The Federal Government has said it has no plans to introduce new taxes or increase the current ones in 2021. FG said, on the contrary, it is making efforts to reduce the tax burden on Nigerians due to the current economic crises occasioned by the COVID-19 pandemic and the fall in the prices of crude oil. The Minister of Finance, Budget and National Planning, Zainab Ahmed, stated this is Abuja on Friday at a public hearing organised by the House of Representatives Committee on Finance on the Finance Bill 2020.

Ahmed also said the bill would make comprehensive reforms in the nation’s tax laws, which is aimed at exempting Small Scale Enterprises from paying Company Income Tax. The minister also noted that the bill was to address issues in the Finance Act 2019 as well as to deepen the innovations. According to her, the Finance Bill 2020 is largely about taxation and tax administration.

She added that about 1740 persons representing various professional bodies, academics, International development partners, civil society organisations, the private sector as well as key Ministries, Departments, and Agencies of the Federal Government took part in the process of drafting the bill. Ahmed also disclosed that the draft bill was subjected to serious debate at the Federal Executive Council and the National Economic Council before it was transmitted to the National Assembly.

She stated that the principle that guided the bill is the need to adopt critical counter-cyclical fiscal policy as the government needed to adequately respond to economic challenges that occasioned by the pandemic and the crash in crude oil prices. The Minister added, “We also need to defer tax rate increases to the domestic economic sufficiently recover and reduce the compliance burden on tax payers in line with the ease of doing business reforms

“The second principle is the need to reform fiscal incentives policies to help reduce proliferation of fiscal incentives by carefully assessing cost vs benefit of tax incentives and prioritize job creation, growth, and incentives. The government also need closer coordination of monetary, trade and fiscal, adding that this is necessary so that government will be able to align existing tax incentives for lending to agriculture with the recent CBN moratorium and interest rate reduction for agriculture and real sector loans, reform the stamp duty level on banking transaction and make provisions that will help harness funds in form of unclaimed dividends and unclaimed bank balance that has been sitting idle.”

Ahmed stressed that when passed into law, the bill is expected to promote fiscal equity by removing double taxation on companies during commencement and cessation of business, simplify the basis for calculating minimum tax and exempt profits that had been taxed from further taxation in the form of excess dividends.

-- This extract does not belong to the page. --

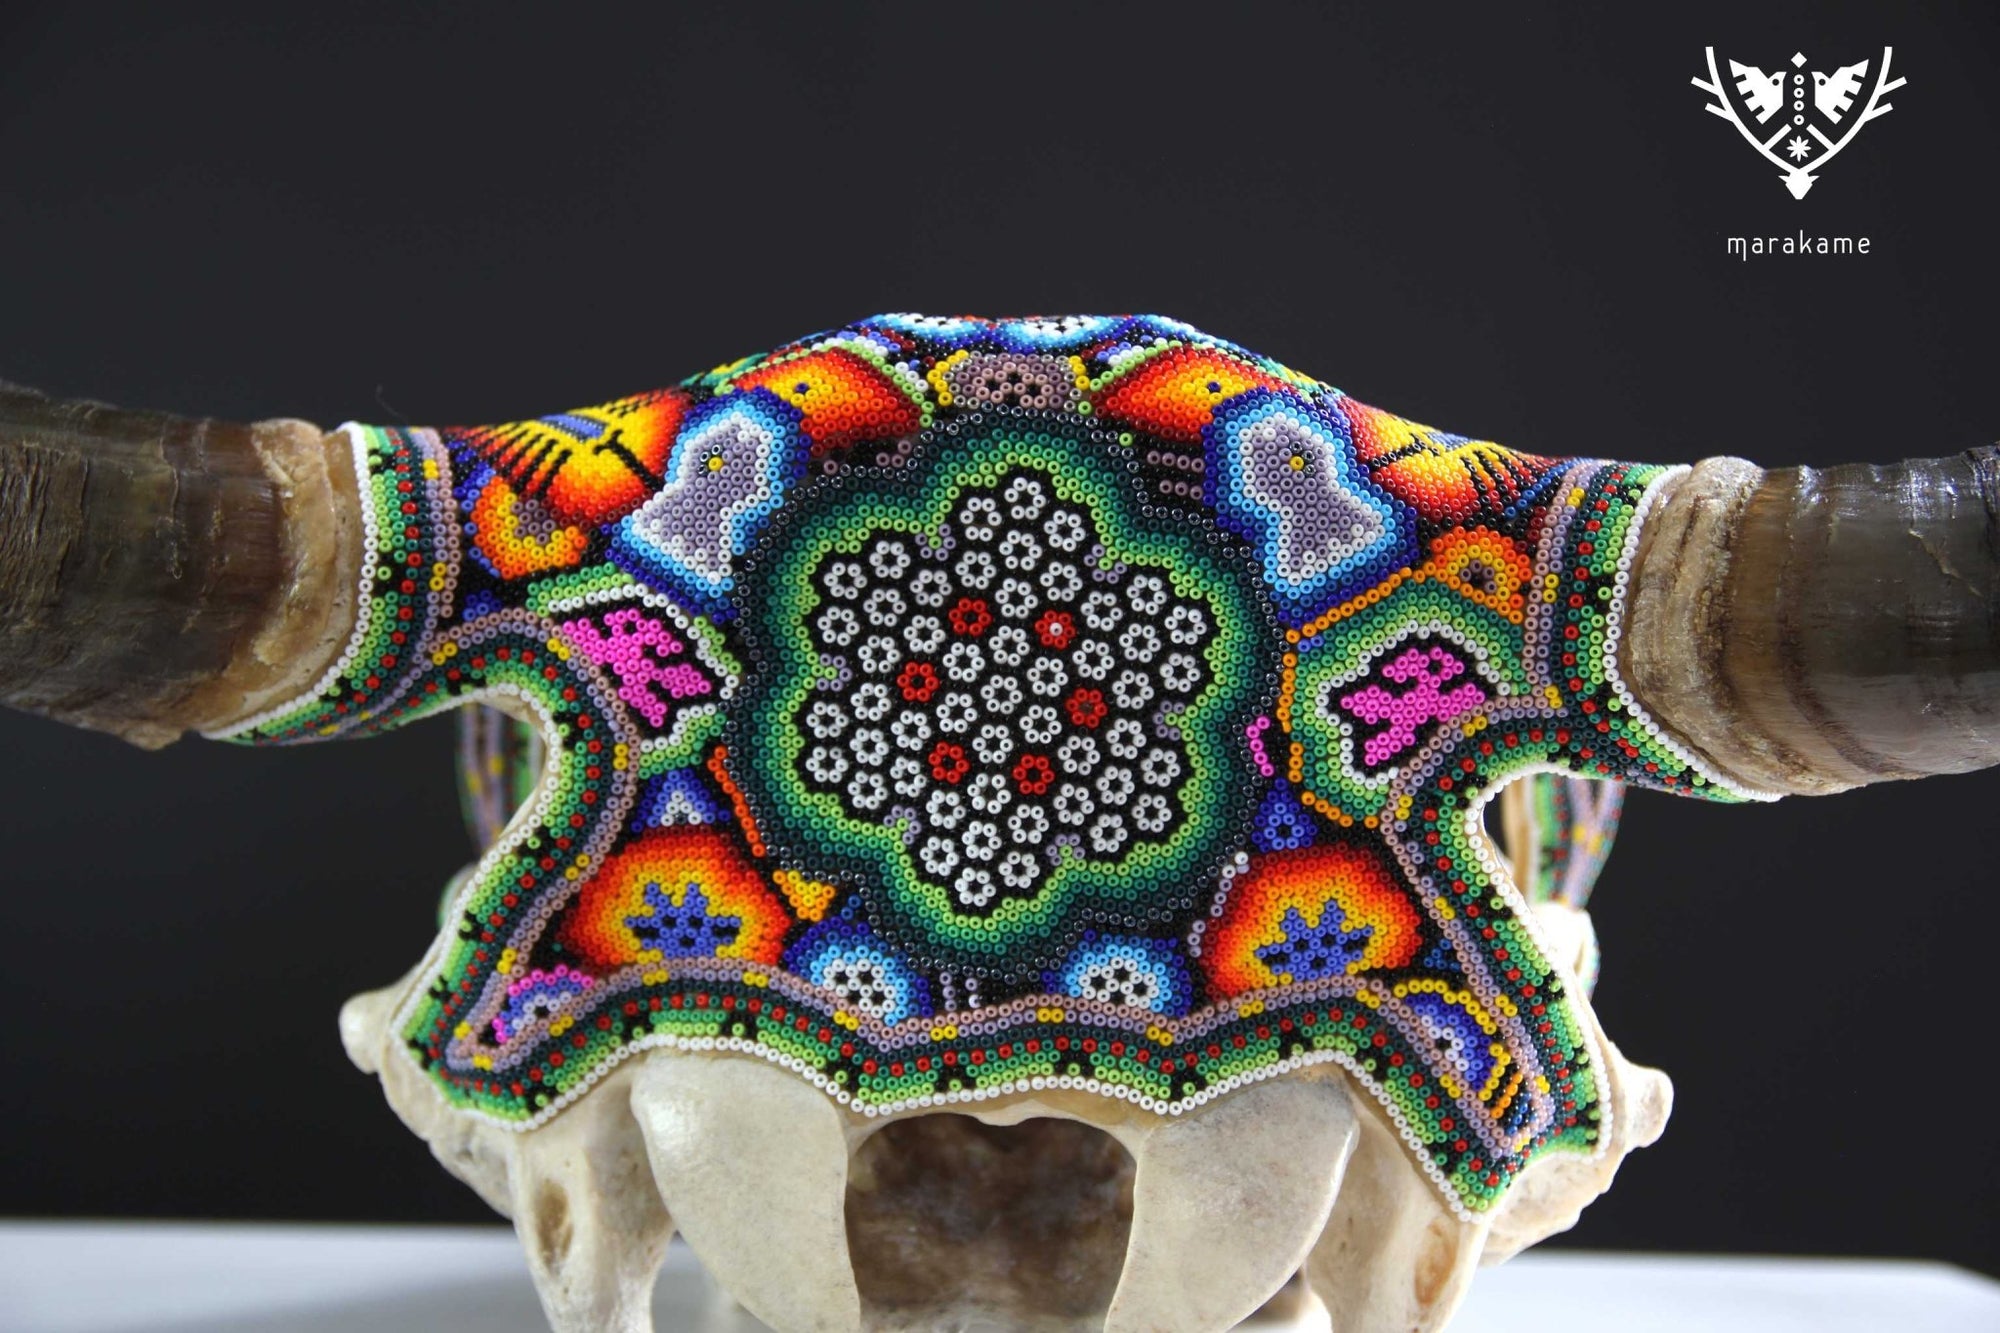 Crâne de vache Huichol Art - Xurawe wexik+a - Huichol Art - Marakame

The law she said aimed to align domestic tax laws with global best practices by introducing significant economic presence rules for taxation of non-resident companies, while also introducing tax incentives for infrastructure and capital market as well as support small business through tax exemption of small businesses from company income tax and reduction in VAT compliance burden for small companies.

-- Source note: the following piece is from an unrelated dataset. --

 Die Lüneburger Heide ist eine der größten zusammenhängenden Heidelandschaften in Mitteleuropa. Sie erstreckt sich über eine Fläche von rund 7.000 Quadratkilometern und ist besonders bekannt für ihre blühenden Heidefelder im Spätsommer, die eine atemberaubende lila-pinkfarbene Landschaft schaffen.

The law will also increase revenue for government as it supports the increase of VAT from 5 to 7.5 percent and will also introduce legislative backing for banks to charge stamp duties on electronic receipts. The Minister stressed, “What we don’t have in the Finance Bill 2020 is increase in tax. There are no new taxes that are being introduced and there is no increase in taxes. There are also no new incentives that have been introduced in this bill and will introduce tax reform that has been introduced is geared towards supporting financial stimulus while there are also tax measures that are short, focused and uncontroversial.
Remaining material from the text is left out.